El gran palacete abrió sus enormes puertas principales, dejando a la vista lo que podía ser una majestuosa construcción del siglo XIV, empedrada de algún mineral desconocido, con largas columnas como pilares del gran recibidor que se les abrió paso a la vista.

Todo pulcramente decorado en una paleta de plateado, negro y azul, desde las cortinas de cada ventanal hasta la amplia alfombra que iniciaba al pie de la entrada hasta el final de la enorme escalera que daba a un piso superior, y varios pasillos que no se distinguían a primera mirada, dónde podrían acabar.

Magna fue escoltada por Abdala y uno de los guardias que iba con ellas en el auto. Subieron las escaleras y caminaron unos metros hasta quedar frente a una puerta diferente al resto. Dos toques. Y se abrió.

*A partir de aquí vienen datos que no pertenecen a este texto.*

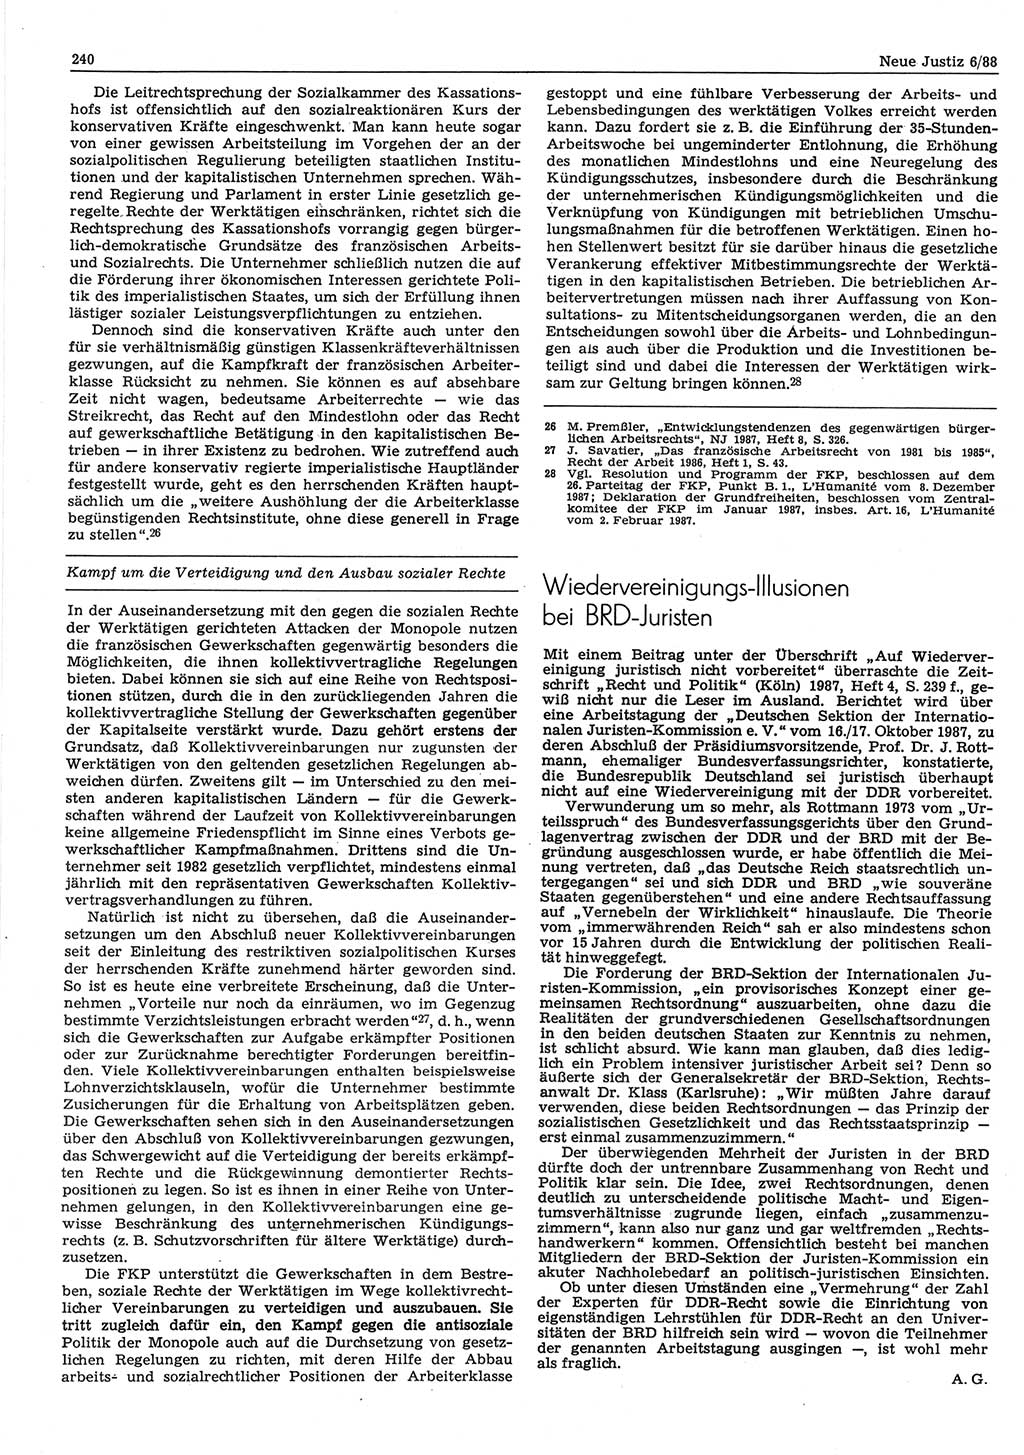 Neue Justiz (NJ), Zeitschrift für sozialistisches Recht und Gesetzlichkeit [Deutsche Demokratische Republik (DDR)], 42. Jahrgang 1988, Seite 240 (NJ DDR 1988, S. 240)

Una joven moza asomó su cabeza, sonriendo dulcemente en dirección a Abdala. Magna le miró con desdén y molestia, no por su condición de criada, sino ante los celos tontos que sintió en ese momento. Pasó por su lado, golpeándola con su hombro y caminando de forma erguida y despampanante, como si no fuese Magna Lahen de quien estuviésemos hablando.

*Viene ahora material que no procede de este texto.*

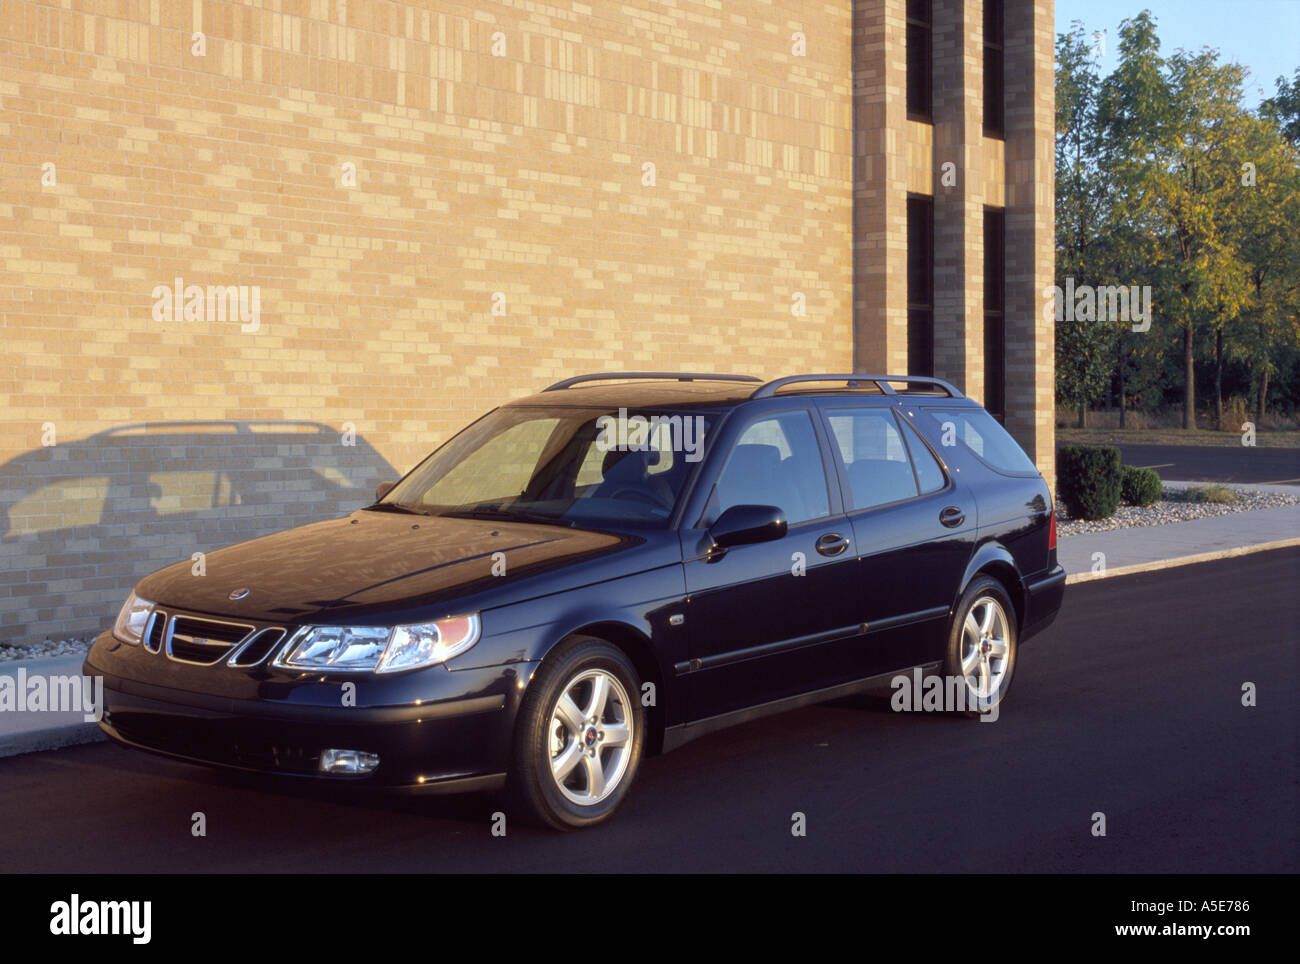 Saab 95 auto immagini e fotografie stock ad alta risoluzione - Alamy

La habitación era una copia fiel al resto del palacete. Una cama imperial de madera cubierta por una fina tela que caía desde el techo de la misma, simulando un mosquitero; un tocador y varios muebles variados, un ventanal con alfeizar que presentaba su propio asiento donde, suponía Magna, podría verse todo el bosque de los alrededores mientras se disfrutaba de una taza de café o un buen desayuno en la mañana.

Lo más impresionante era la decoración de las paredes, cubiertas por una capa de pintura azul marino y llena de diversos cuadros de artistas reconocidos, que debían valer una fortuna. Uno de estos, el más grande, suponía un autorretrato de un hombre de época, de mirada oscura y acusativa, porte de noble y un curioso bastón en la mano, así como múltiples joyas en sus dedos y cuello de alguna piedra preciosa que no distinguía. “Greelard Soul”, ese era su nombre, borroso y casi imperceptible, consecuencia del tiempo que había transcurrido desde que se pintó.

A su lado, otro cuadro más pequeño, donde se veía al mismo hombre muchísimo más viejo, sentado. A su izquierda se encontraba otro hombre muy parecido a él, sonriendo. Mientras que, a su derecha, una joven rubia, casi albina, cargaba en brazos a una pequeña bebé.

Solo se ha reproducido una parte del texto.